“Argh! Not again!” yelled the Greenback as it chalked up another day of losses against its counterparts. In particular, the European currencies seemed bent on taking revenge against the Greenback as they continued to win back their recent losses.
Most economic reports from the US came in strong, with the import prices data and TIC long-term purchases report beating expectations. Import prices slid by only 0.6% in May instead of dropping by 1.1% as expected. It turns out that the decline in petroleum prices accounted for much of the slide in import prices for the month.
Meanwhile, the TIC long-term purchases report showed that net purchases of US securities fell from 140.5 billion USD to 83.0 billion USD in April. This suggests that demand for US securities rose more than estimated as investors from the UK, China, and Japan added to their Treasury holdings. On top of that, the ongoing debt drama in Europe encouraged investors to buy up relatively safer securities from Uncle Sam.

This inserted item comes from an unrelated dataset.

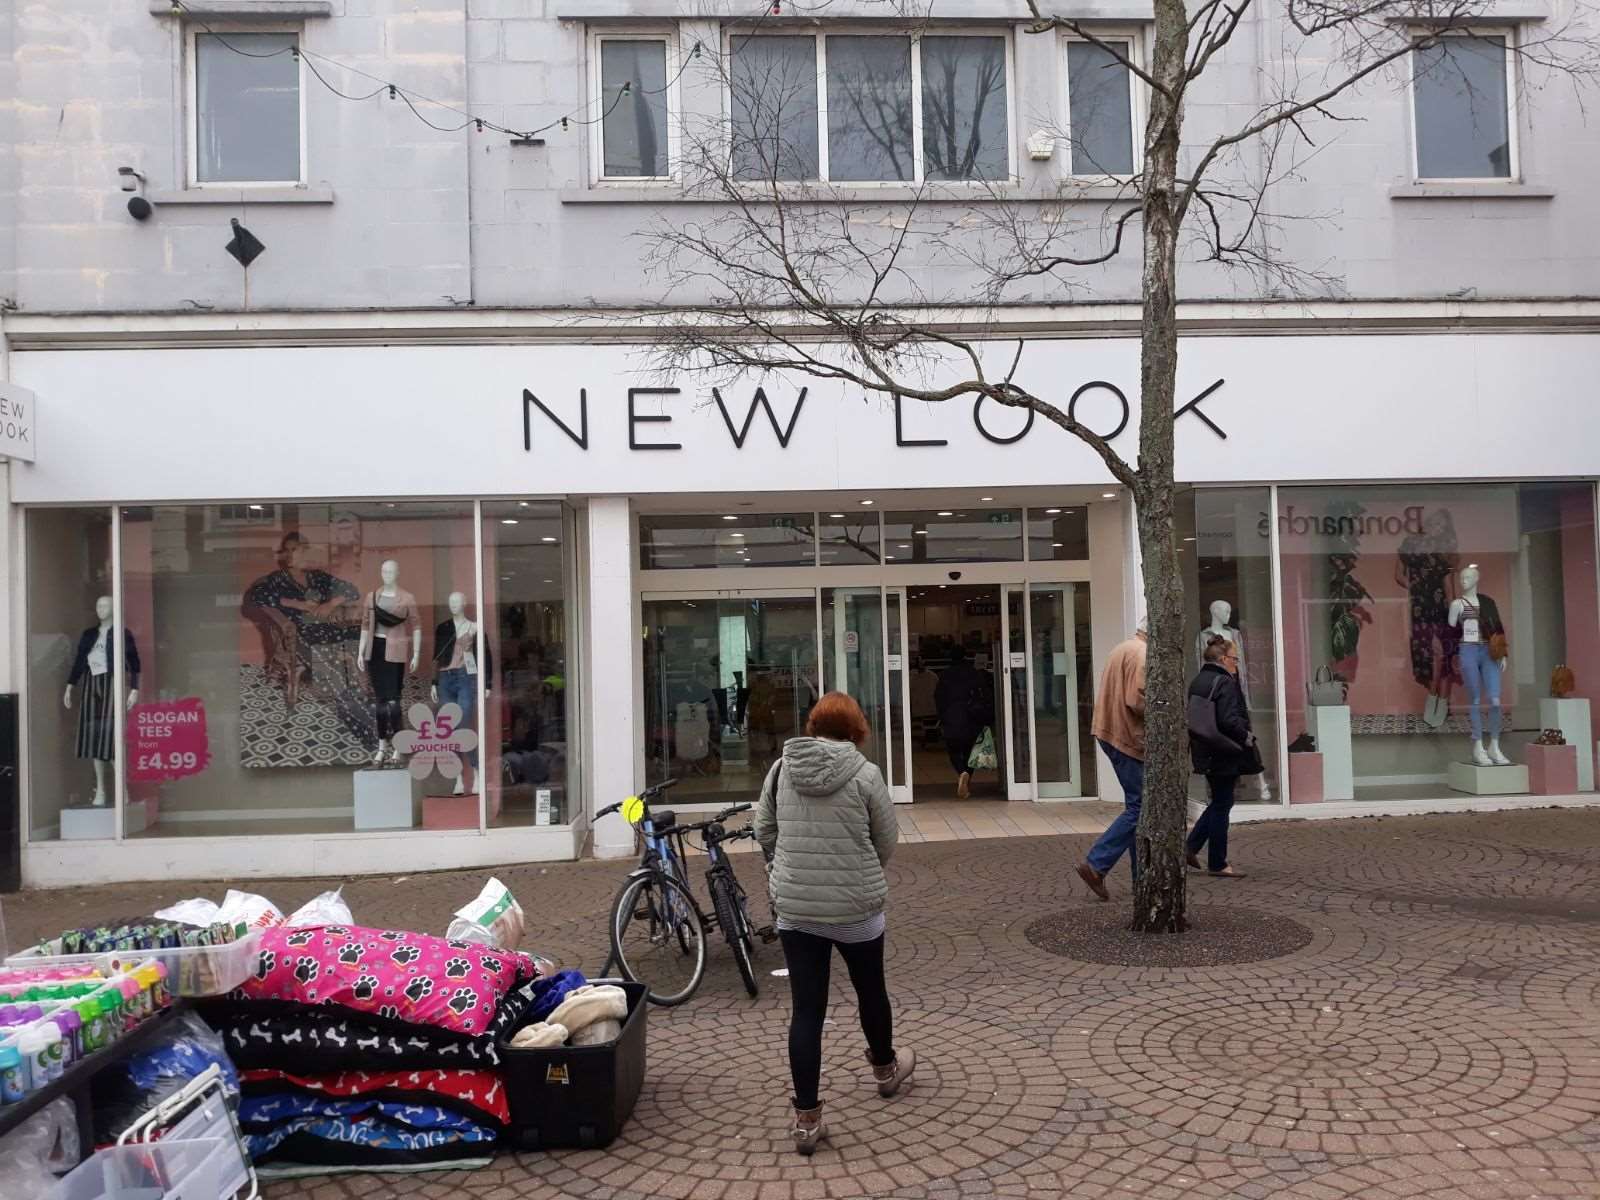 Ramsgate's New Look store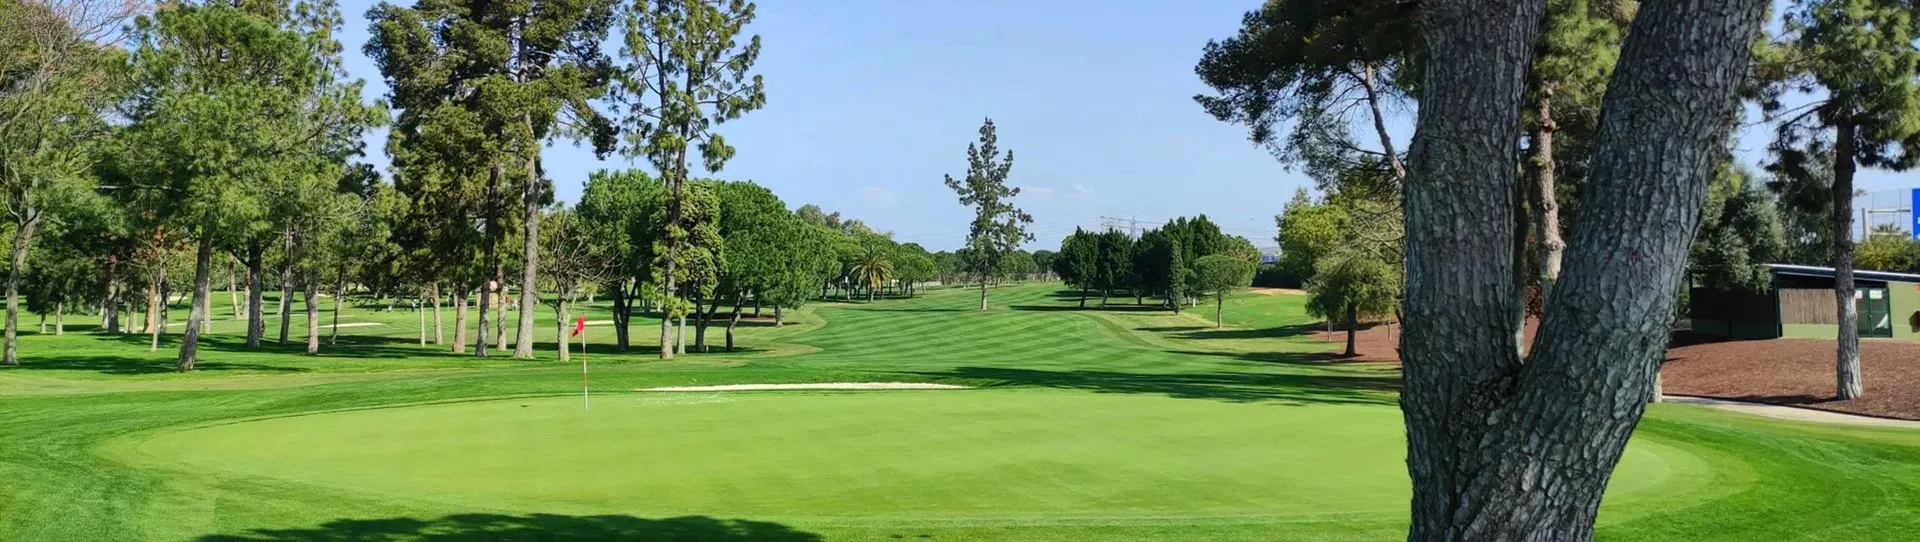 Spain golf courses - Real Club Pineda de Sevilla - Photo 5

The Empire State manufacturing index turned out to be quite a disappointment as it failed to meet expectations. The index for June climbed from 19.1 to 19.6, falling short of the consensus at 20.1. Still, the rise suggests that manufacturing conditions improved during the month led by an increase in business investment and higher demand for exports.
Uncle Sam has a full day ahead, with a bunch of economic releases on the docket. First, the PPI and core PPI figures are due 12:30 pm GMT. These reports are slated to post a 0.5% drop and a 0.1% uptick respectively, suggesting that inflationary pressures are still subdued. Next, the housing starts report also due 12:30 pm GMT could print a 0.65 million reading for May, down from the 0.67 million in housing starts seen last April. After that, the capacity utilization and industrial production figures are due. Capacity utilization is expected to climb from 73.7% to 74.6% in May while industrial production is estimated to rise by 0.9%. Better than expected results could encourage risk appetite to stay for another day, possibly driving the safe-haven Greenback lower against its rivals.
Later on, Fed Chairman Ben Bernanke is scheduled to give a speech at 9:45 pm GMT. He’ll be talking about financial reform at a conference in New York so keep your ears open for his remarks on the ongoing debt drama. Reassuring comments from the Fed head could spur demand for the Greenback.